In the University of Richmond Law Review, Eastman argued that the 1898 court had incorrectly interpreted the "jurisdiction" restriction to cover a specific category, such as diplomats' children. "Justice Gray simply failed to appreciate … that there is a difference between territorial jurisdiction and the more complete, allegiance-obliging jurisdiction that the Fourteenth Amendment codified," he wrote.

According to Eastman, the Wong Kim Ark majority ruling was also "at odds with" the fundamental ideas that underlie the sovereign authority of naturalization. "Essentially, it meant that foreign nationals could unilaterally obtain American citizenship for their offspring simply by giving birth in the United States, regardless of whether their entry into the country was lawful or unlawful, temporary or permanent."

Roger Taney and Dred Scott, the notorious
Regarding birthright citizenship, Trump's stance is not supported by any recent cases. However, remnants of his statements against immigrants "invading" America were revealed in a US Appeals Court ruling last year by Judge James Ho, which may someday be utilized to support the president's position.

Ho, a 2018 Trump appointment on the federal appellate court that covers Texas, Louisiana, and Mississippi, was open to arguments that illegal immigration across the Texas border could amount to a "invasion" in a concurring decision in a case unrelated to birthright citizenship. For offspring of invading armies, that wording might suggest an exception to the standard reading of the 14th Amendment.
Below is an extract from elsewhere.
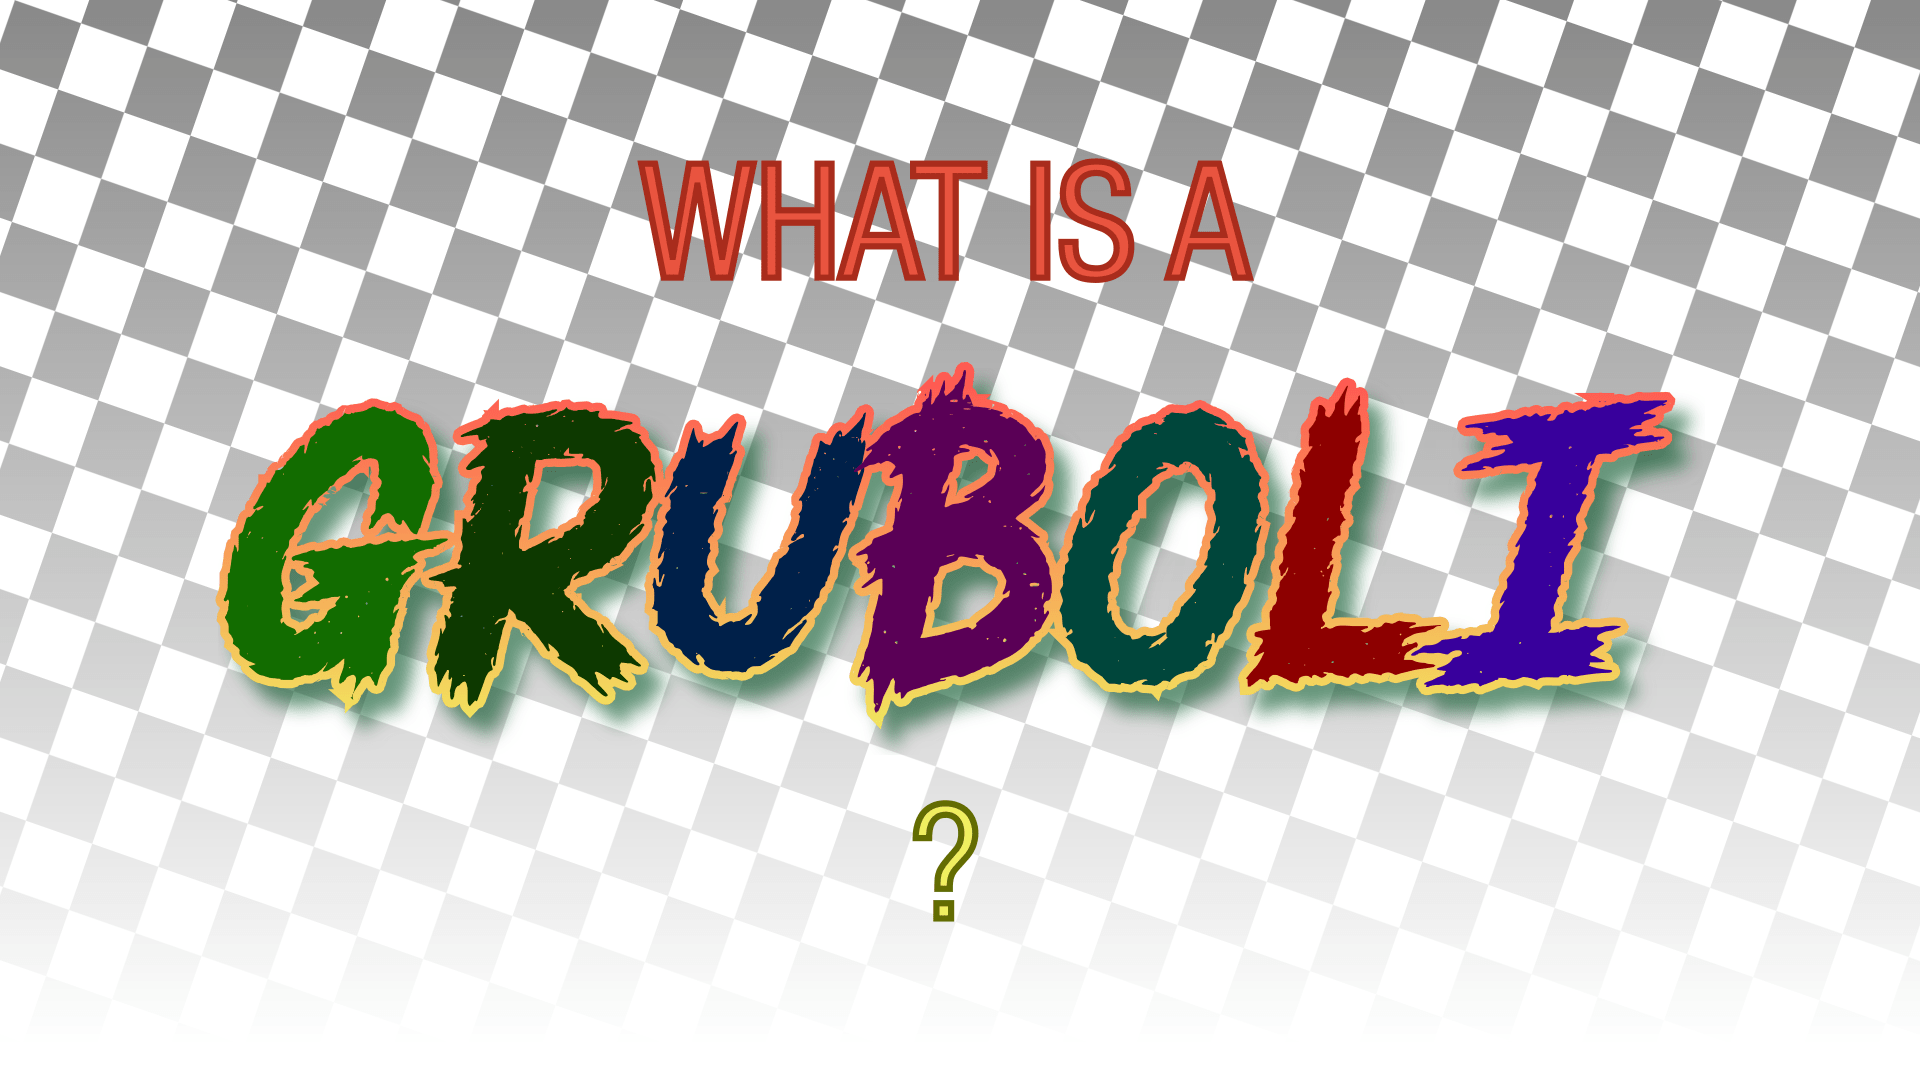 What is a Gruboli?

Judge Ho has frequently supported new conservative ideas. He did, however, write an essay before to reaching the bench that specifically addressed birthright citizenship and claimed that children of unauthorized immigrants were protected by the 14th Amendment and the Wong Kim Ark case.

In a 2006 piece published in The Green Bag, he stated, "All three branches of our government – Congress, the courts, and the Executive Branch – agree that the Citizenship Clause applies to the children of aliens and citizens alike."

Ho ended by warning that "stay tuned: Dred Scott II could be coming soon to a federal court near you" if a move were to revoke birthright citizenship.

During his 2005 Senate confirmation hearings, Chief Justice Roberts was not questioned with the Wong Kim Ark case. Nevertheless, Roberts responded to Dred Scott's raising by referring to it as "perhaps the most egregious examples of judicial activism in our history … in which the Court went far beyond what was necessary to decide the case."

"And in all honesty, I believe that historians would agree that the Supreme Court attempted to position itself to settle the debate over the continuation of slavery in a way that it believed was best for the country," he continued. "And we witnessed the terrible results that followed."

Roberts has since made references to Dred Scott's legacy as well.

In 2010, he compared the chief justice who wrote Dred Scott to the great chief justice of the 19th century, saying, "You wonder if you're going to be John Marshall or you're going to be Roger Taney."

"Obviously, the answer is that you will not be John Marshall," Roberts stated. But you wish to stay away.